La voz del otro lado dijo:

—¿Eres tú, Merlyn?

Era una voz de mujer. Pero no pude identificarla. No era Valerie.

—Sí, ¿quién es? —dije.

Era Pam, la mujer de Artie. Su voz temblaba.

—Artie tuvo un ataque al corazón esta mañana.

Y cuando lo dijo, sentí que mi ansiedad disminuía. No era uno de mis hijos. Artie había tenido antes un ataque al corazón y, por alguna razón, pensé que no se trataba de algo realmente grave.

—Maldita sea —dije—. Tomaré un avión e iré inmediatamente.
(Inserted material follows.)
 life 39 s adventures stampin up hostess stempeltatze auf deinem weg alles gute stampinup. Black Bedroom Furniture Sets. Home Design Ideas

Hoy mismo. ¿Está en el hospital?

Hubo una pausa al otro lado, y luego oí que su voz decía finalmente:

—Merlyn, no pudo superarlo.

En realidad, no entendí lo que decía. No lo entendí realmente. Aún estaba sorprendido o perplejo, así que dije:

—¿Quieres decir que ha muerto?

—Sí —dijo ella.

Con voz muy controlada dije:

—Hay un avión a las nueve, lo cogeré y estaré en Nueva York a las cinco e iré directamente a tu casa. ¿Quieres que llame a Valerie?

—Sí, por favor —dijo.

No dije que la acompañaba en el sentimiento, ni nada de eso. Todo lo que dije fue:

—Todo irá bien. Yo estaré ahí esta noche. ¿Quieres que llame a tus padres?

—Sí, por favor —dijo ella.

—¿Estás bien? —pregunté.

—Sí, estoy perfectamente. Ven, por favor —dijo ella.

Y colgó.

Janelle estaba sentada en la cama mirándome. Cogí el teléfono, pedí línea y conseguí hablar con Valerie. Le expliqué lo ocurrido. Le dije que fuera a esperarme al avión. Ella quería hablar del asunto, pero le dije que tenía que hacer el equipaje e irme al aeropuerto enseguida. Que no tenía tiempo y que ya hablaríamos en cuanto nos viésemos. Y luego llamé a los padres de Pam. Por suerte localicé al padre y le expliqué lo ocurrido. Dijo que él y su mujer cogerían el próximo avión para Nueva York y que él llamaría a la mujer de Artie.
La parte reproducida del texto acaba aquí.